In 2011, Elizabeth Bazzetta accidentally body checked Nicholas (“Nick”) Grossman at a local dive as she bellied up to the bar. “He tapped me on the shoulder to let me know how rude it was,” she says. After more or less blowing him off, she went back to her girlfriends until Nick’s pal persuaded her to talk to his friend. A few hours later, Elizabeth says she knew Nick was the one.
Years after, the couple hopped aboard a helicopter to celebrate their third dating anniversary. When they swept past the Charleston skyline and hovered over Folly Beach, Elizabeth looked down to see Nick’s handiwork—“Will you marry me?”—scratched across the sand. Her tearful response: “Of course!”
Although both are transplants to the Holy City—Elizabeth hails from Oklahoma and Nick’s from Pennsylvania—both knew Charleston was where they should marry. “It’s where we met, where we fell in love, and where we’ve built our life together,” says Elizabeth. Their decision to wed at Boone Hall Plantation was just as simple, as it met both Elizabeth’s “extremely girly” leanings and Nick’s masculine style. The next move? Nick decided on a navy tux, which set a palette of dark blue (for him), blush peach (for her), and gold (for an accent). From there, things fell into place, says the bride, thanks to A Charleston Bride’s design and planning, Elizabeth’s dad’s bankrolling help, and her mother’s tireless support.
Come the morning of the wedding day, while planner Lindsey Shanks lined the drive in front of Boone Hall’s plantation home with florals in shades of ivory, light pink, and verdant green for an aisle that was flanked on each side by a garden, designer Katherine McDonald arrived to make sure Elizabeth’s custom gown fit like a glove (it did).
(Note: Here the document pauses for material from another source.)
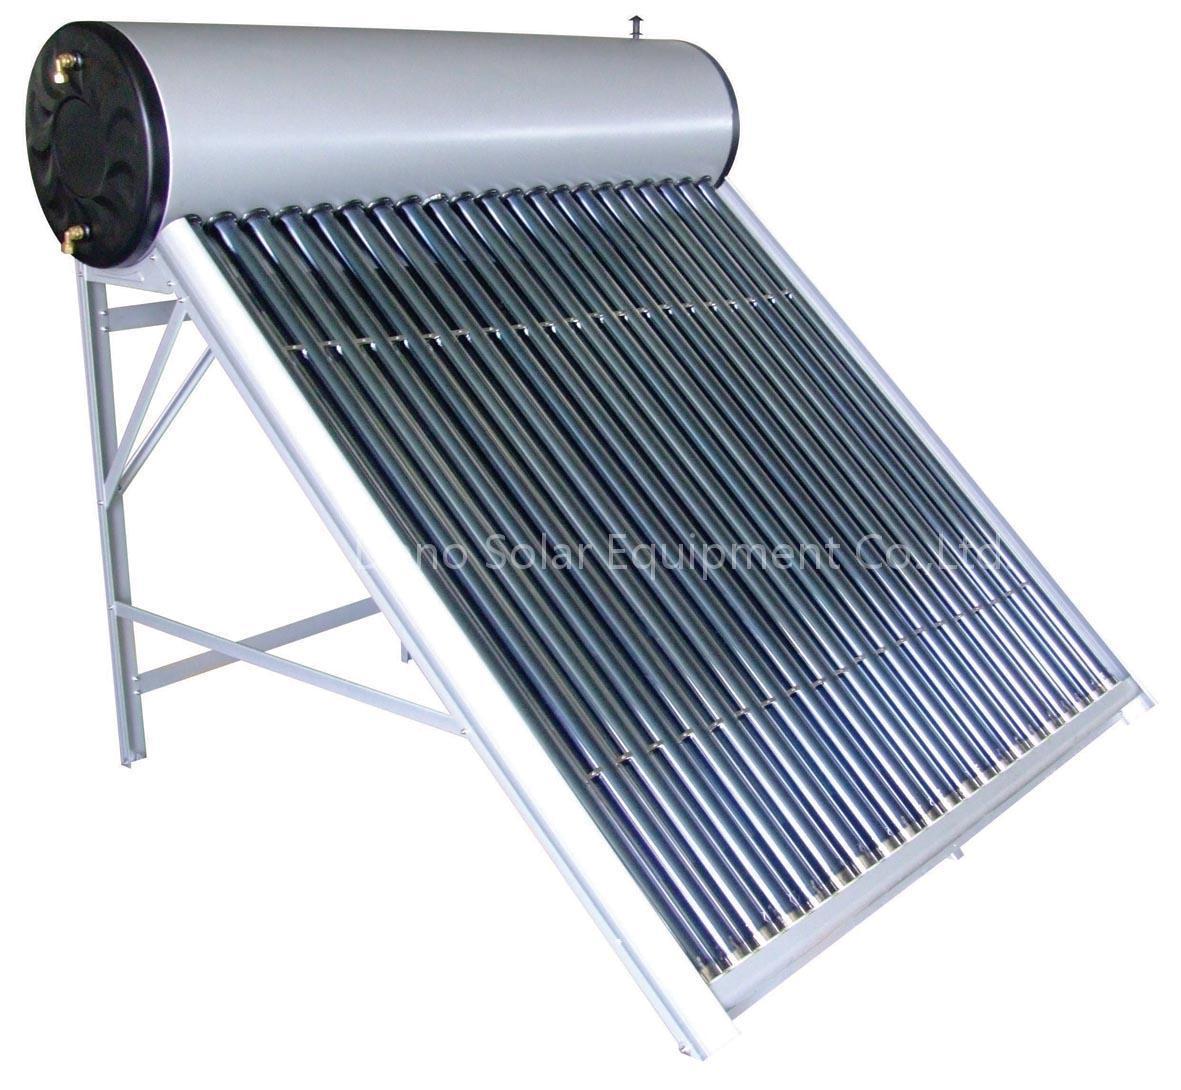 Solar Hot Water System Dubai Qatar Saudi Arabia Oman
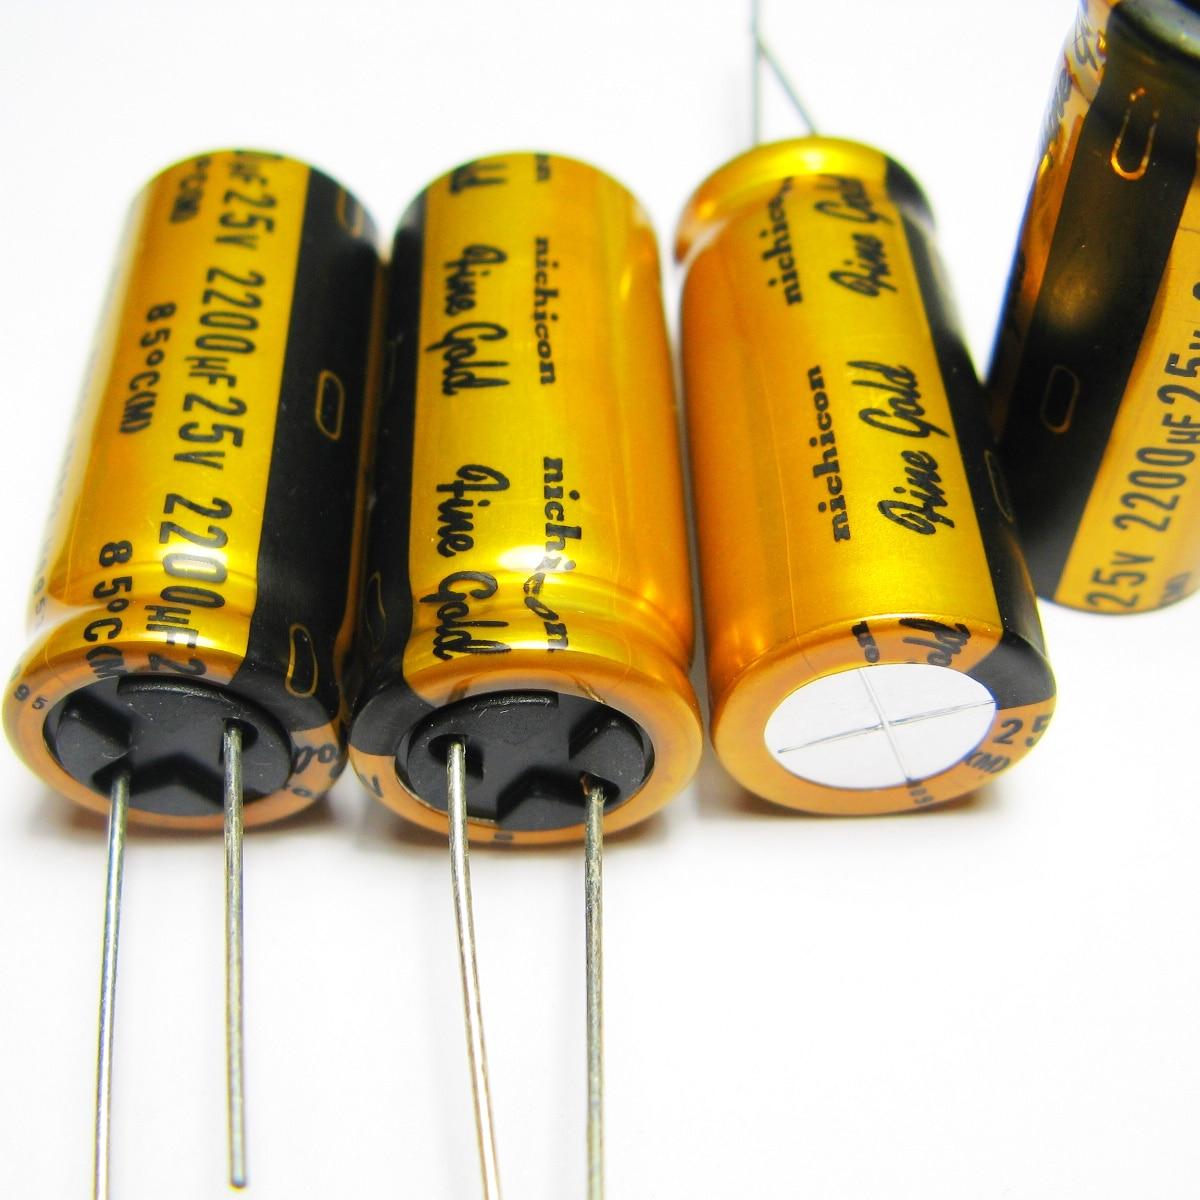 5pcs/10pcs original Japan NICHICON FG 25v2200uf condenser for audio super capacitor electrolytic capacitors free shipping-in Capacitors from Electronic Components & Supplies

Next? The bride’s brothers oversaw the toddler flower girls’ naps while Elizabeth and her maids were getting portraits snapped. (The ZZZs were slow to kick in, so one little gal opted out of her duties and spent the vows snoozing away on Lindsey’s shoulder.)
After a charming ceremony, Nick’s dad tooled the newlyweds around the site in his 1930 Model A Ford before the Cotton Dock reception. When Elizabeth and Nick joined everyone
and dinner was underway, the toasts began, but none of them held a candle to the 20-minute opus from the father of the bride. “He bragged about every moment of my life,” Elizabeth laughs. “Everyone left knowing what I got on the LSAT, how well I handled the stress of the bar exam, and what grades I got in every year of school. There wasn’t a dry eye in the house.”
And for the final pièce de résistance? That came weeks later when the newlyweds watched their wedding video from Citrus Ceremonies. In it, the film crew asked Nick when he knew he’d marry Elizabeth, a question she’d never posed to him. The first night I met her, he answered, bestowing yet another gem upon the story of their serendipitous romance.